AFTER primer dries, paint the picture. NOT A LOT OF COST for merchandise but a picture can bring 70$ wholesale. 500$ if it’s good. A gal I know traded a nearly new SUV for one of her paintings. She was asking thirty k but decided a car was fine. Her work is geometric shapes of particle board, there’s a special name for it, MASONITE…. it’s thin and very hard. And these squares are colored but then there are brush splats on each piece. A sixteen year old with a band saw could copy the concept. She spray dotted it with inkblots, similar to the splats of DeKooning. Last I heard, she had a Big L.A. gallery hustling her constructions/paintings, a manager guiding her career and the head guy at our L.A. County Art Museum has been trying to buy one of her splatthingies.But then she did something very similar to going off to work at a bank. She got married and had a baby. Probably her best creation ever, I shouldn’t piffle it…..but she is talented! AND ANOTHER favorite artist of mine, PHOEBE BRUNNER, has an online gallery to inspire you
So, between jobs, between marriages, give art a try. REGULARLY explore your top art forms. Paint on Canvas isn't the only one. Do you have any idea what they’re getting for a jar of jam these days? My pal does! She has a booth at the farmers’ market, gets 8$ a small four inch tall jar of her kiwi-lemon peel jam. It’s a mouth zinger and a true work of art. And she sells VINTAGE EBAY tablecloths at her stall, for twice what they cost her.And then she started taking the best vintage cloths, copying them. A Silk Screen company made stencils and now she turns them out on real linen for bigger bucks.
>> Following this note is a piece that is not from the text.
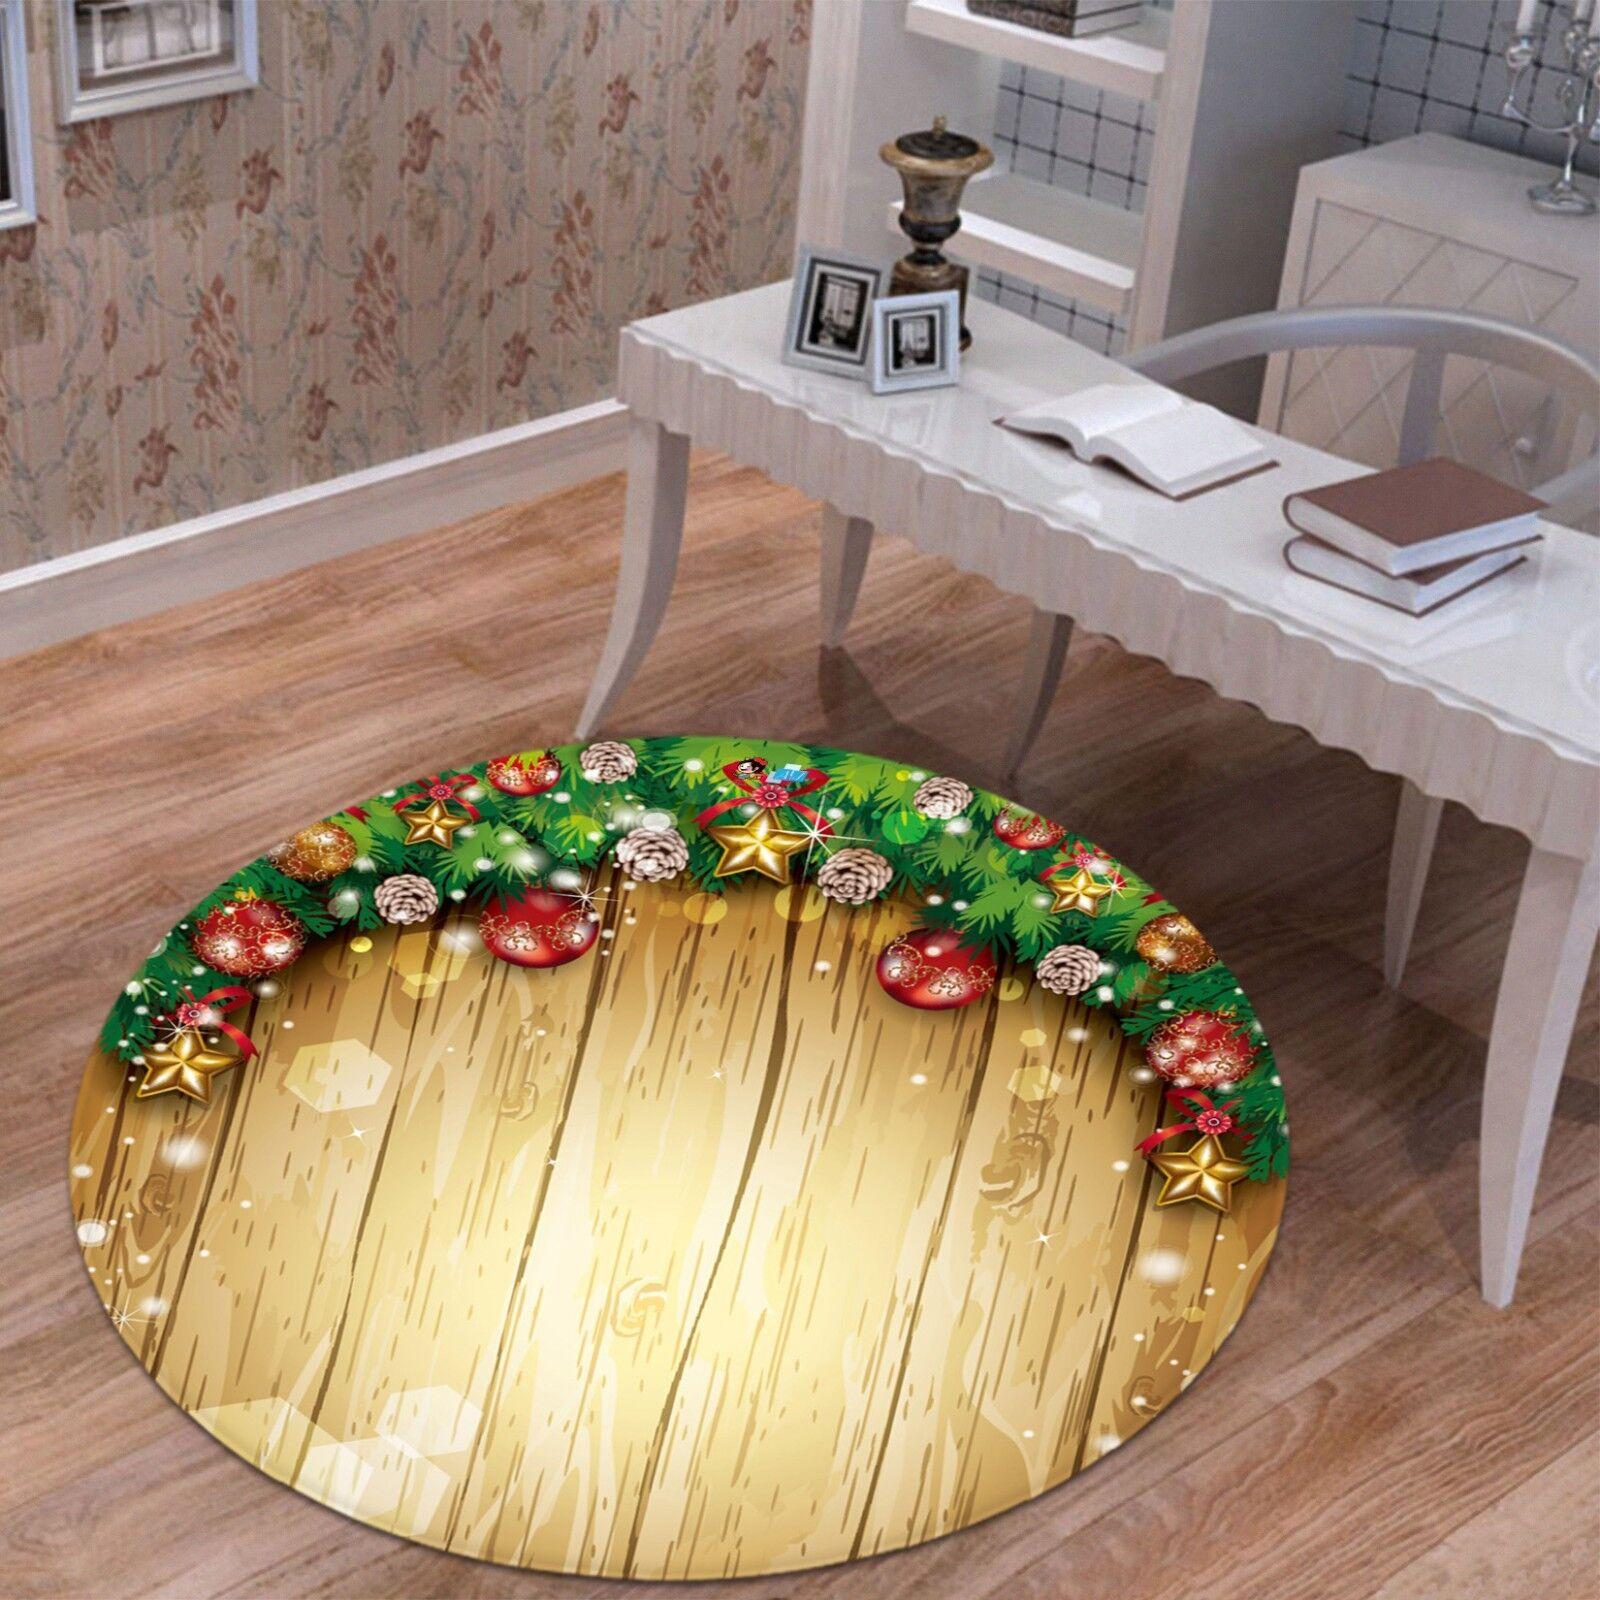 3D Weihnachten Xmas 650 Rutschfest Teppich Matte Raum Runden Runden Runden Elegant Teppich DE a459b8

Smithsonian and White House Gift shop are ordering her political ones.
The LAST RESORT for an artist who is all thumbs is to import gorgeousness from exotic climes. Do the IMPORTING ARTS, The entire seminar on import/export as a biz will be found at THE ARTISAN WEBSITE, also visit the website of MARLA MALLETT an Atlanta woman. She did this career to the nines and has links to every important art magazine, e-zine or school. This is like walking thru a museum. GO THERE.
Last, start making your apartment real gussied up. To be inspired, study the great decorators, MICHAEL TAYLOR, TONY DUQUETTE, Syrie Maugham. Google them, there are pages of the first two’s work, really posh creations online. Maugham’s work gets described, verbally. It’s still inspiring.